Its adoption in Britain’s new West Indian colonies was therefore utterly unremarkable, and small beer indeed when set against the much larger slavery systems run by other European colonists, most notably Portugal, Spain and France.
‘At the end of the 18th century, well over three quarters of all people alive were in bondage of one kind or another, not the captivity of striped prison uniforms, but of various systems of slavery or serfdom’, writes Adam Hochschild in ‘Bury the Chains’, his account of the Britain’s struggle to abolish the slave trade.
So unremarkable was it that the leading developer of classical liberal thought, John Locke, and the most revolutionary British spiritual prophet of the time, George Fox, accepted slavery in the West Indies as simply a disappointing but inevitable expression of humanity’s creative/destructive impulses.
What changed as the colonies discovered sugar as a source of massive and rapid riches, was the scale and international implications of the slave trade. The triangular trade between Britain, the West Coast of Africa, and the East Coast of the Americas generated enough income to become the mainstay of Britain’s government finances. At the same time, the need to protect this trade brought a constant development and expansion of the Navigation Acts which built the Royal Navy into a tool of Atlantic, and then global, power. Because the nature of the sugar industry was intensive in its use of finance for investment capital, for working capital, and for trade finance, it elevated the City of London into Europe’s foremost financial force. And, of course, with all this conferred enormous political power on the sugar industry’s owners and agents, beyond even the direct power bought by their riches.
If the start of the slave trade in the mid-17th century looked merely a largely inevitable development, its massive expansion in the 18th century was something quite new. When chattel slavery became a foundation stone for global trade, global finance, global force projection and power at home, something new was afoot in the world. The cruelties and sadism of the slave owners are painful and disgraceful in a West Indian smallholding. But seen as the bedrock practice on which global finance and power is balanced, personal criminality becomes a profound national corruption.
This, it is fair to say, is something many Britons still struggle to understand. Our ancestors less so. Because quite suddenly, in the late 18th century, they woke up to it, and demanded its cessation.
If the exponential development of the slave trade during the 17th and 18th century was new, the sudden popular determination to do away with it was even more extraordinary. In the 21st century we recoil at Britain’s development of the slave industry. But that reaction is not new: it was that same disgust which ended it.
Adam Hochschild again: ‘There is always something mysterious about human empathy, and when we feel it and when we don’t. Its sudden upwelling at this particular moment caught everyone by surprise. Slaves and other subjugated people have rebelled throughout history, but the campaign in England was something never seen before: it was the first time a large number of people became outraged, and stayed outraged for many years, over someone else’s rights. And most startling of all, the rights of people of another colour, on another continent.’

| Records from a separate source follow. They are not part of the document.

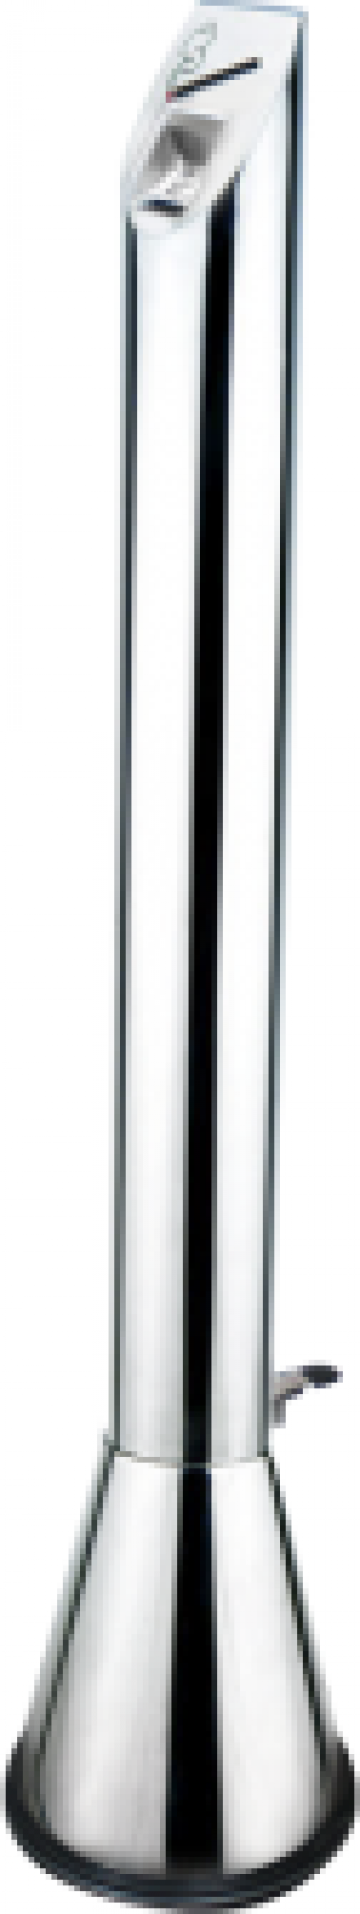 Scrumiera crom exterioara Icikala 12xh110cm de la Basarom Com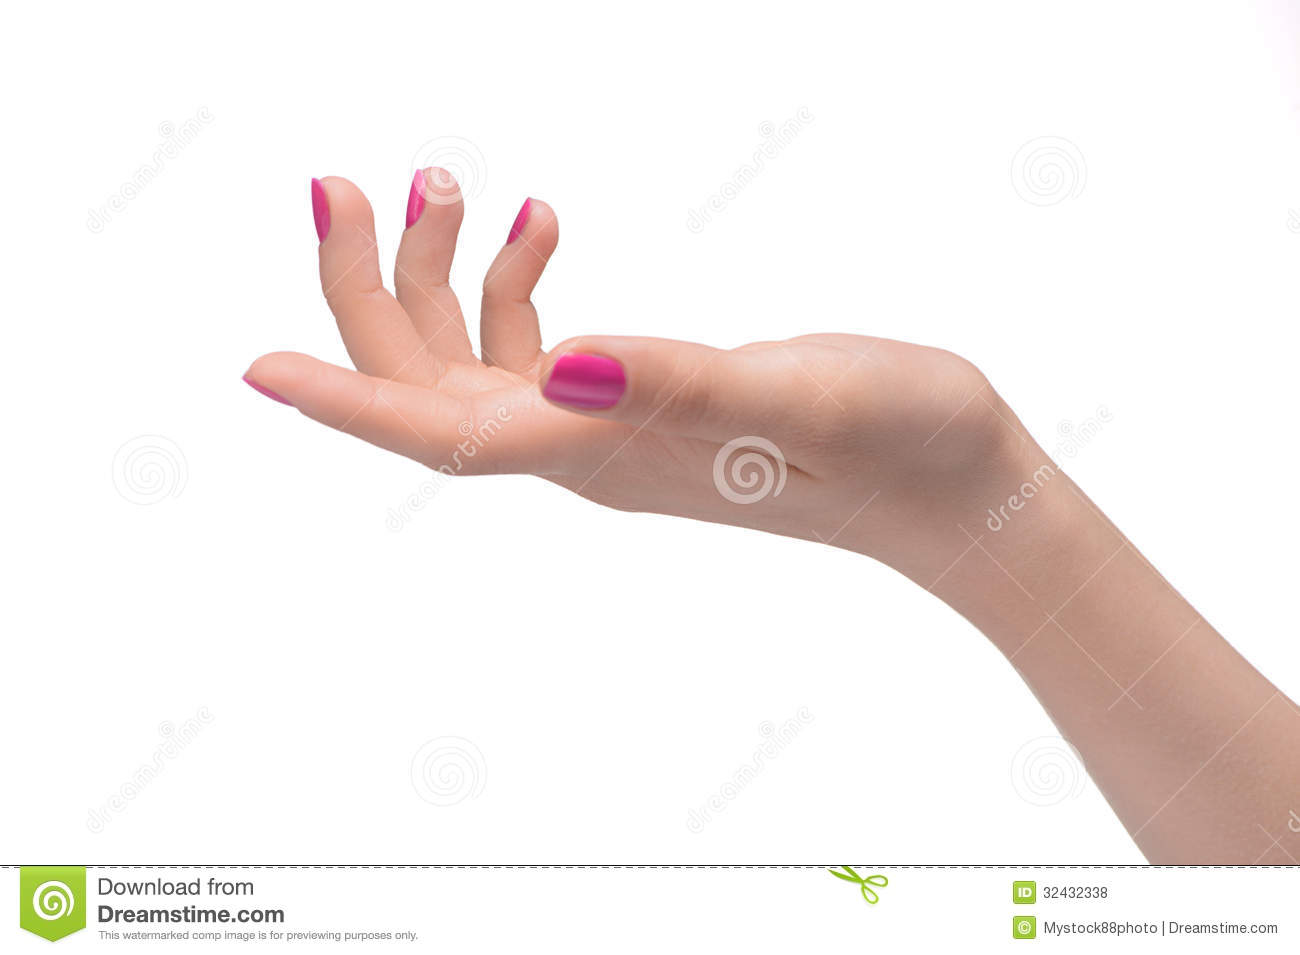 Hand Gesture #9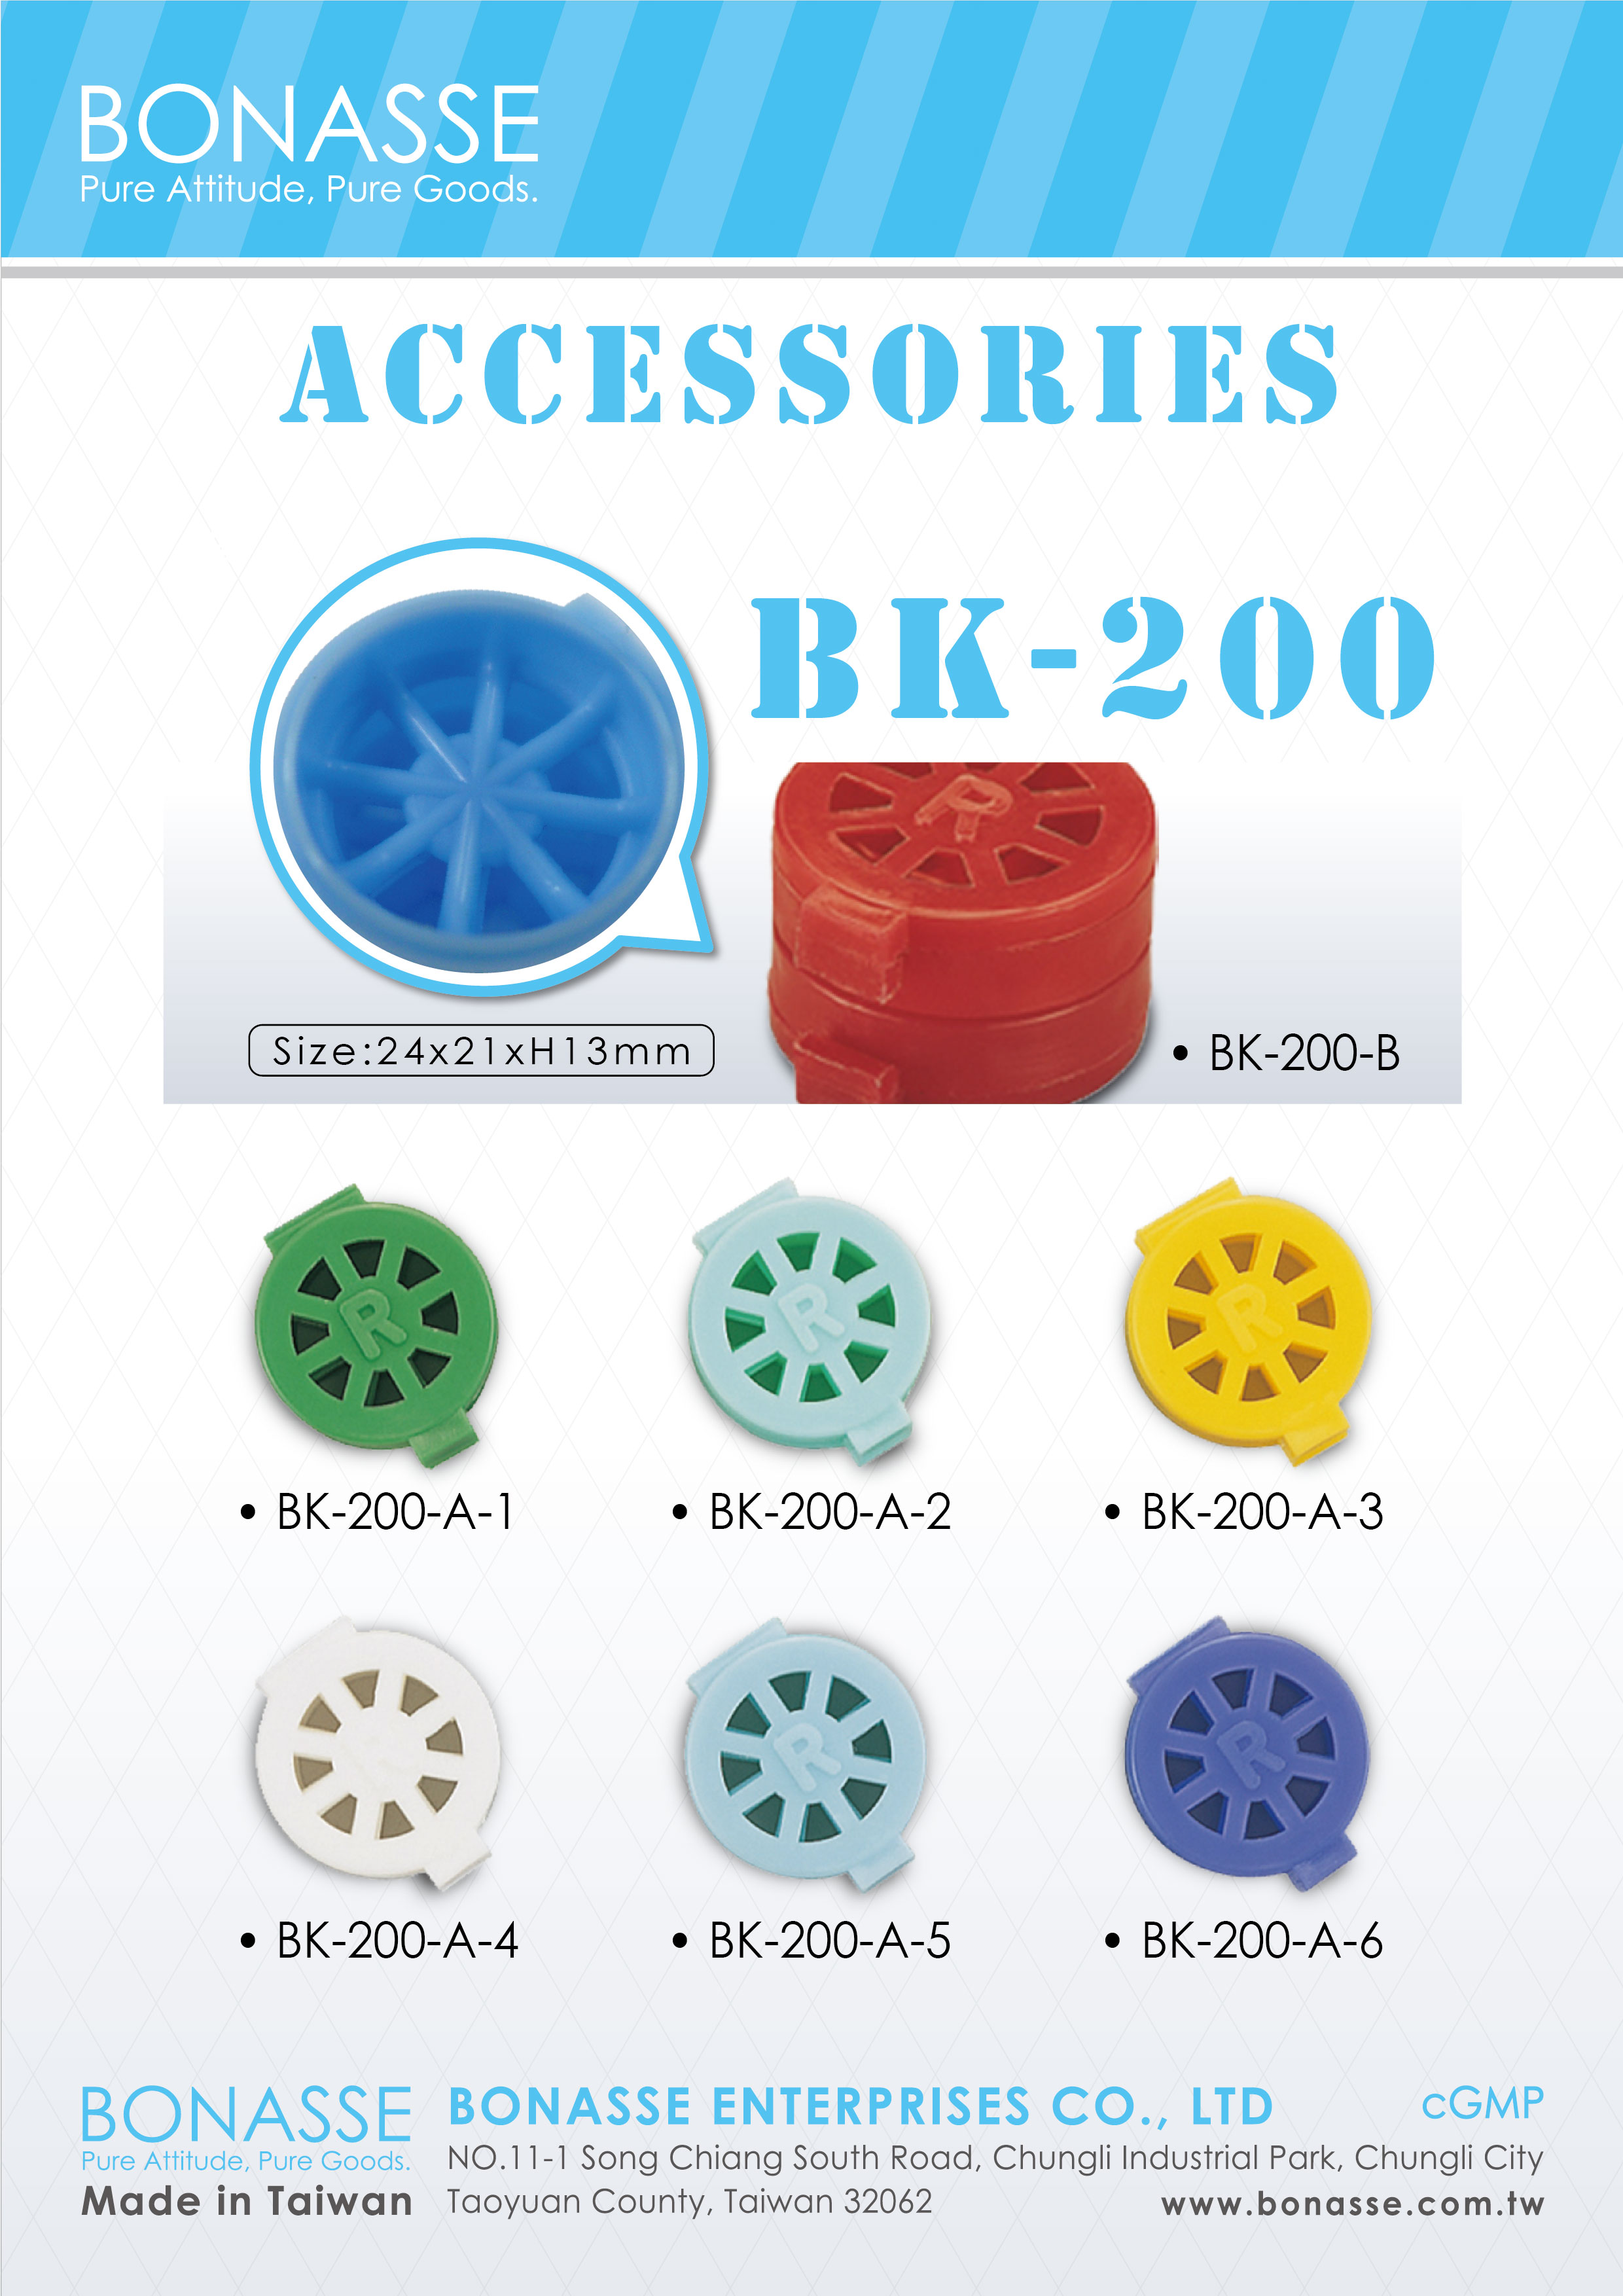 BK-200

‘For 50 years, activists in England worked to end slavery in the British Empire. None of them gained a penny by doing so, and their eventual success meant a huge loss to the imperial economy. Scholars estimate that abolishing the slave trade and then slavery cost the British people 1.8% of the annual national income over more than half a century, many times the percentage most wealthy countries today give in foreign aid.’

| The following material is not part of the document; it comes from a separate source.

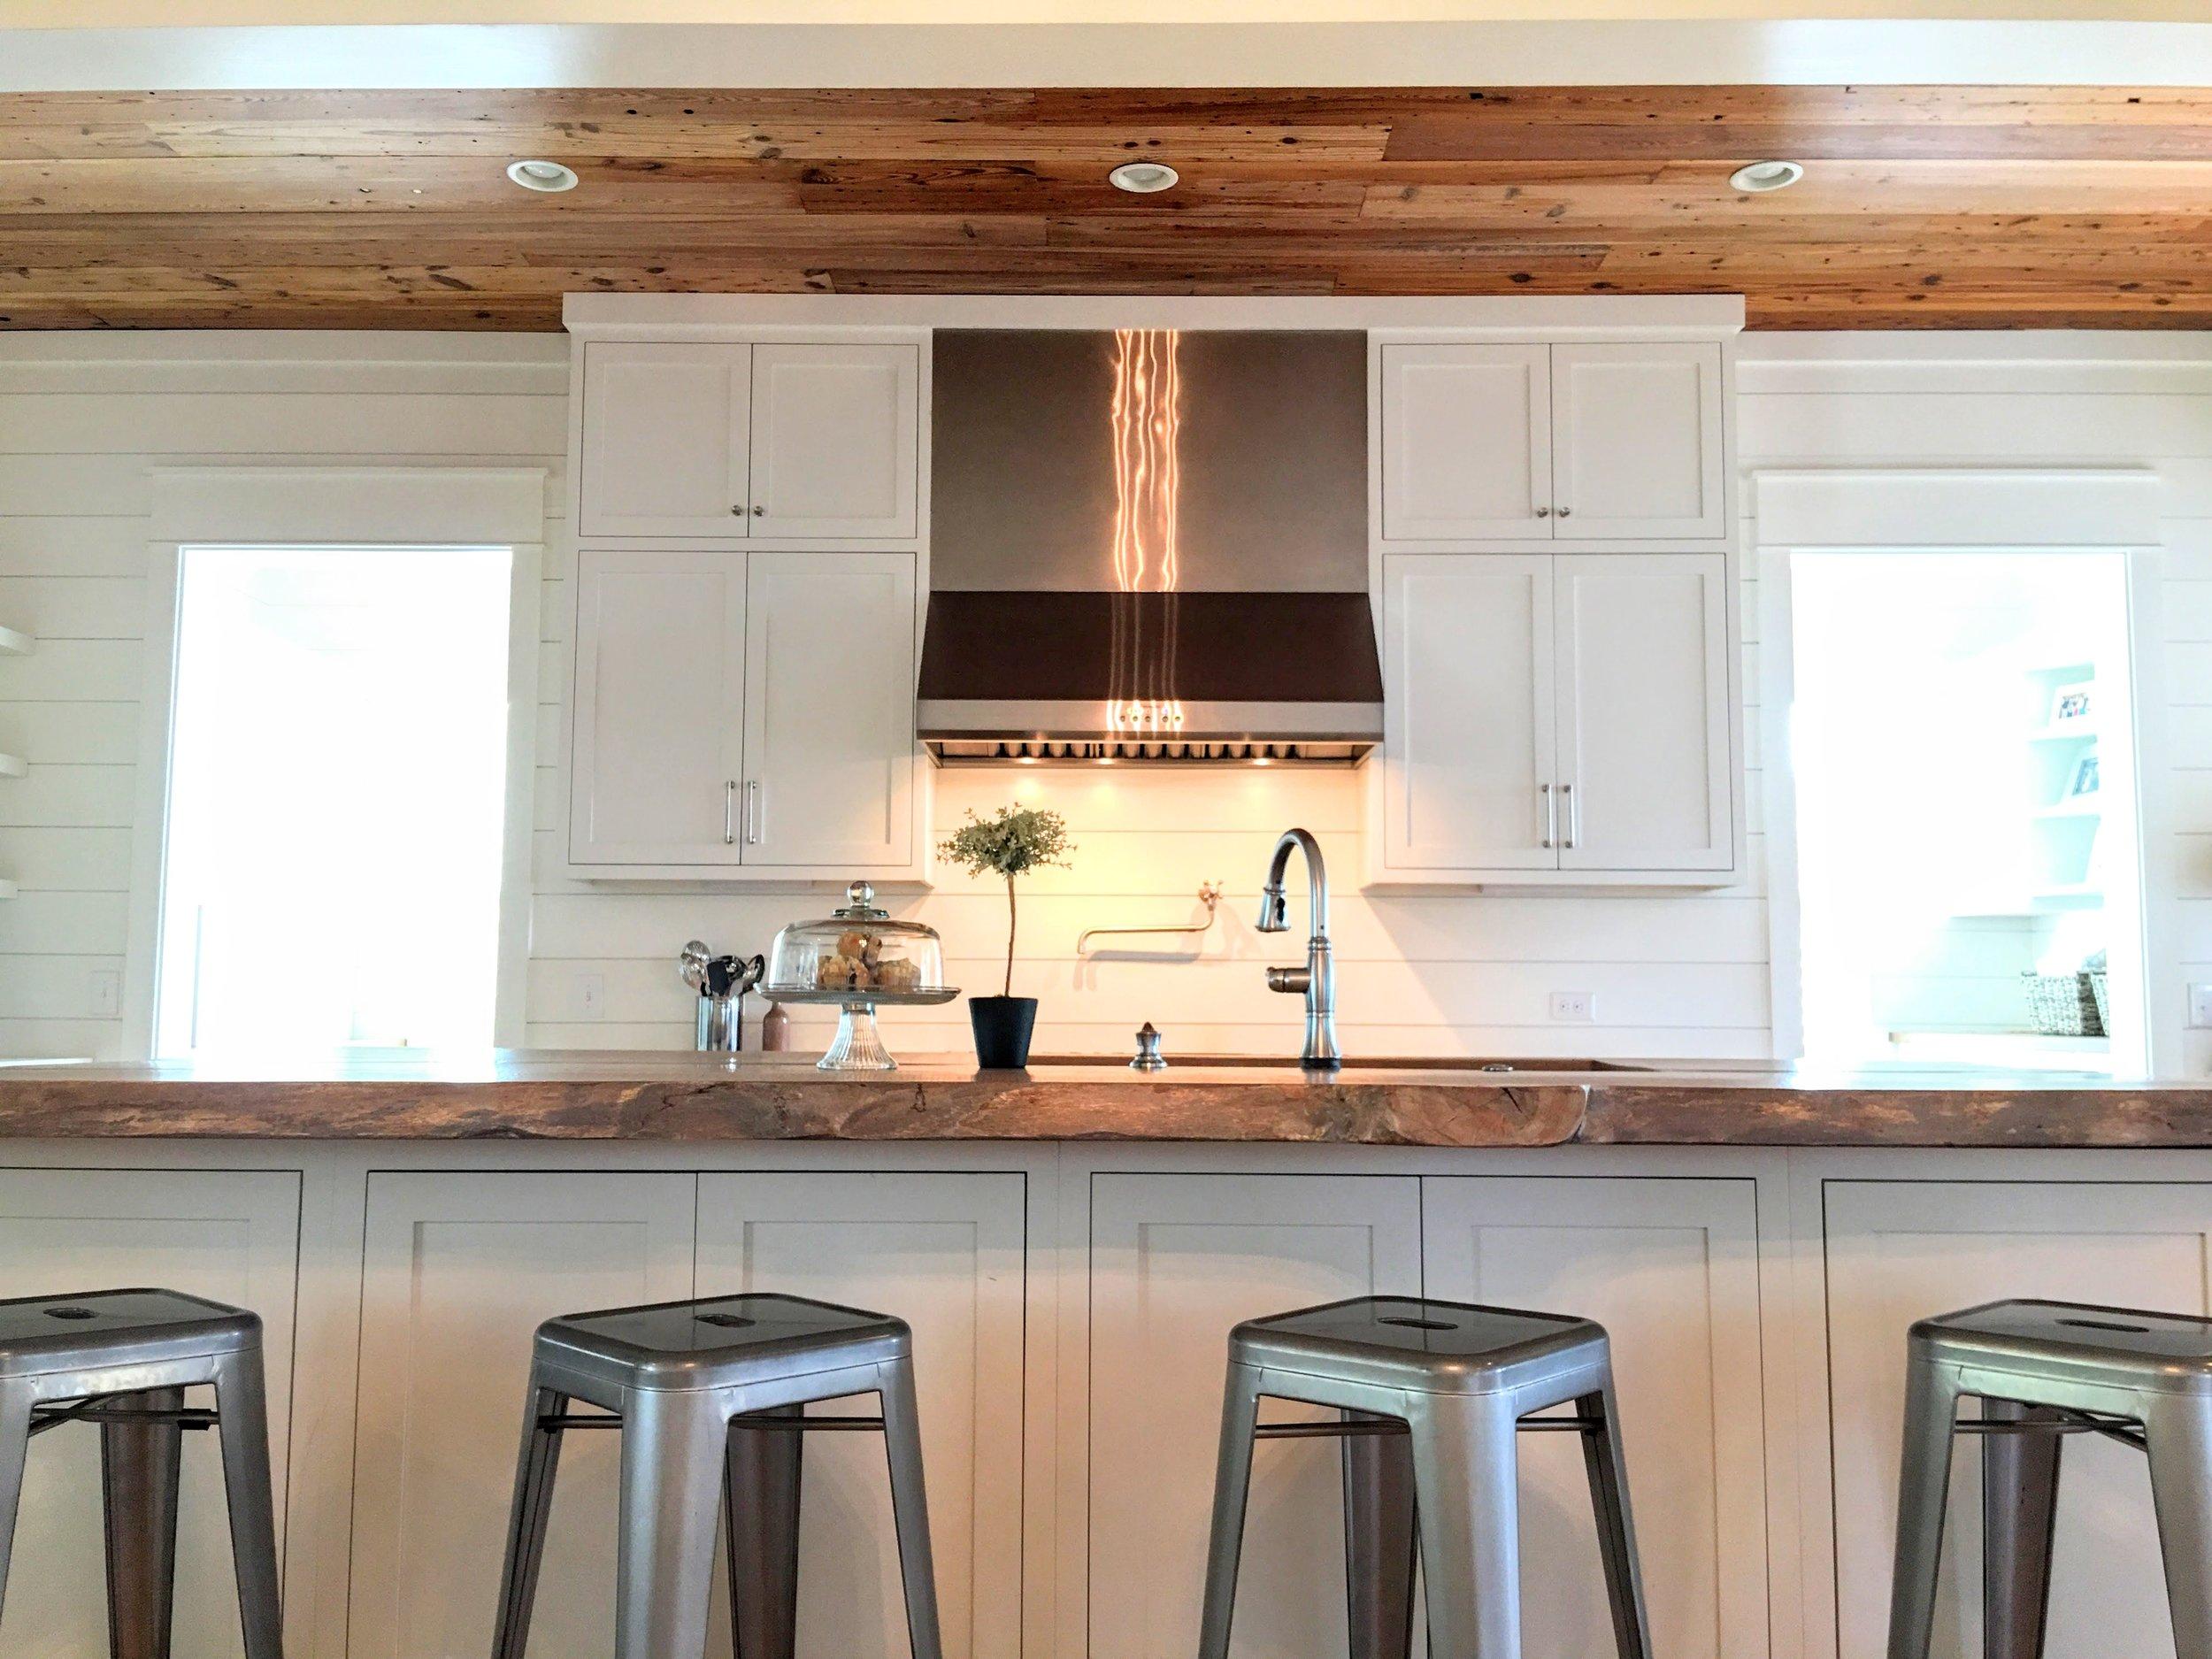 Live Edge Oak kitchen island and reclaimed heart pine ceiling trim

In Britain, we own the shame. But we must also own the pride at the unique, unthinkable, achievement of abolition. It is far far easier to bear the shame than to acknowledge the pride. We do the slaves descendants an injustice to be blind to the crimes of the West Indian sugar empire. But we also do an injustice to those who fought successfully for its overthrow if we fail to recognize their extraordinary achievement.
Adam Hochschild’s ‘Bury the Chains’ is a 468 page account of how first abolition of the slave trade was achieved, and subsequently emancipation of West Indian slaves. By no means a simple celebration, it has been criticized both by those who wish to hear less of abolition, and by those who fell he is dismissive of various players (including William Wilberforce) and the energy of Britain’s established church. Yet how could such a book, grappling with such a subject, escape criticism? It is highly recommended.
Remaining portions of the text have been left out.